L’astuce, c’est le timing. Les tours standard partent à 9h et suivent le même itinéraire dans le même ordre. Louez un bangka privé — ça coûte plus cher mais pas excessivement — et inversez la séquence. Commencez par Secret Lagoon, remontez à l’envers, et vous aurez chaque étape presque pour vous pendant la première heure avant l’arrivée de la flottille. La différence entre découvrir le Big Lagoon avec trois kayaks et le découvrir avec trente, c’est la différence entre un souvenir et une photo.

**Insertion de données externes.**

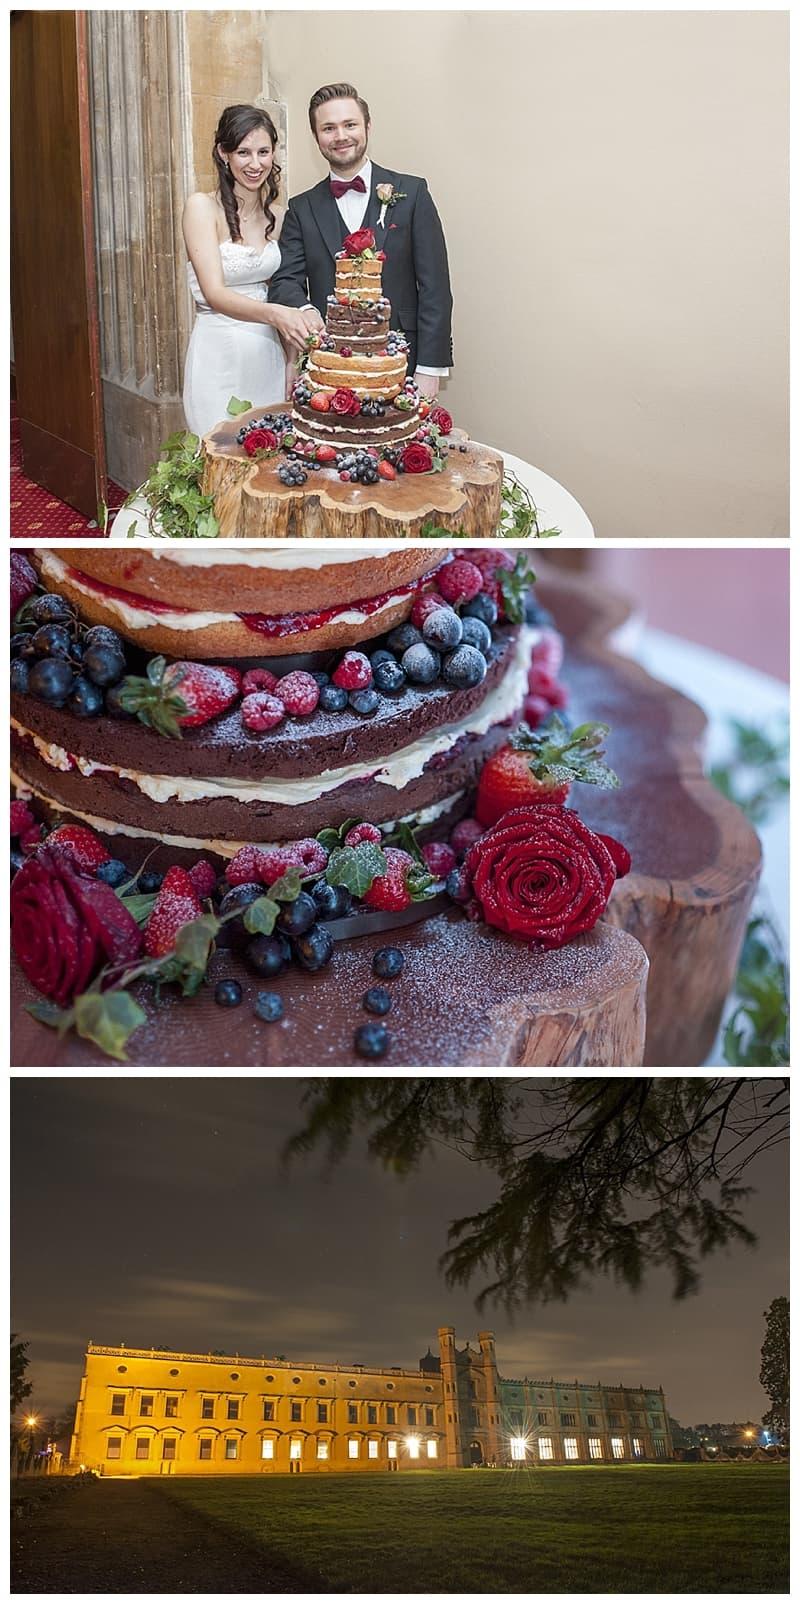 Ashton Court Estate Wedding, Leon & Anna, Clifton Bridge Wedding - Benjamin Wetherall Photography ©0080

Le Tour C est l’option snorkeling — Helicopter Island (nommée pour sa forme vue de loin), Matinloc Shrine (une chapelle en ruine sur une falaise avec une plage cachée derrière) et des jardins de corail en pleine mer où les poissons sont si abondants et si habitués aux snorkeleurs qu’ils bougent à peine quand vous passez au-dessus. J’ai passé quarante minutes à flotter au-dessus d’un jardin de corail corne de cerf en regardant un banc de poissons-perroquets parcourir le récif avec l’industrieuse concentration de créatures qui savent exactement ce qu’elles font et trouvent l’observation des humains vaguement ennuyeuse.

Nacpan Beach, à quarante minutes de route de la ville, est la meilleure plage terrestre d’El Nido — quatre kilomètres de sable doré avec une poignée de paillotes vendant des boissons fraîches et du poisson grillé. Venez pour l’après-midi. Restez pour le coucher du soleil. La lumière à Nacpan dans la dernière heure avant la nuit est la plus belle lumière que j’aie vue dans toutes les Philippines, et je ne dis pas cela à la légère.

Tropical beach with palm trees and limestone islands in the distance

La ville d’El Nido elle-même est petite, poussiéreuse et de plus en plus développée — la rue principale est un mélange de boutiques de plongée, de restaurants, de magasins de souvenirs et d’hébergements allant du dortoir routard à l’hôtel-boutique creusé dans la colline. La scène gastronomique s’est considérablement améliorée : Trattoria Altrove fait des pizzas au feu de bois qui seraient bonnes à Naples, et les restaurants philippins le long de la route de la plage servent des fruits de mer frais à des prix qui rappellent pourquoi ce pays reste l’une des destinations au meilleur rapport qualité-prix d’Asie.

Quand y aller : De novembre à mai, avec janvier à mars comme créneau idéal — sec, chaud, et avant la vague de Pâques. De juin à octobre la mousson du sud-ouest arrive : mers agitées, tours annulés et visibilité réduite. Certains opérateurs ferment complètement.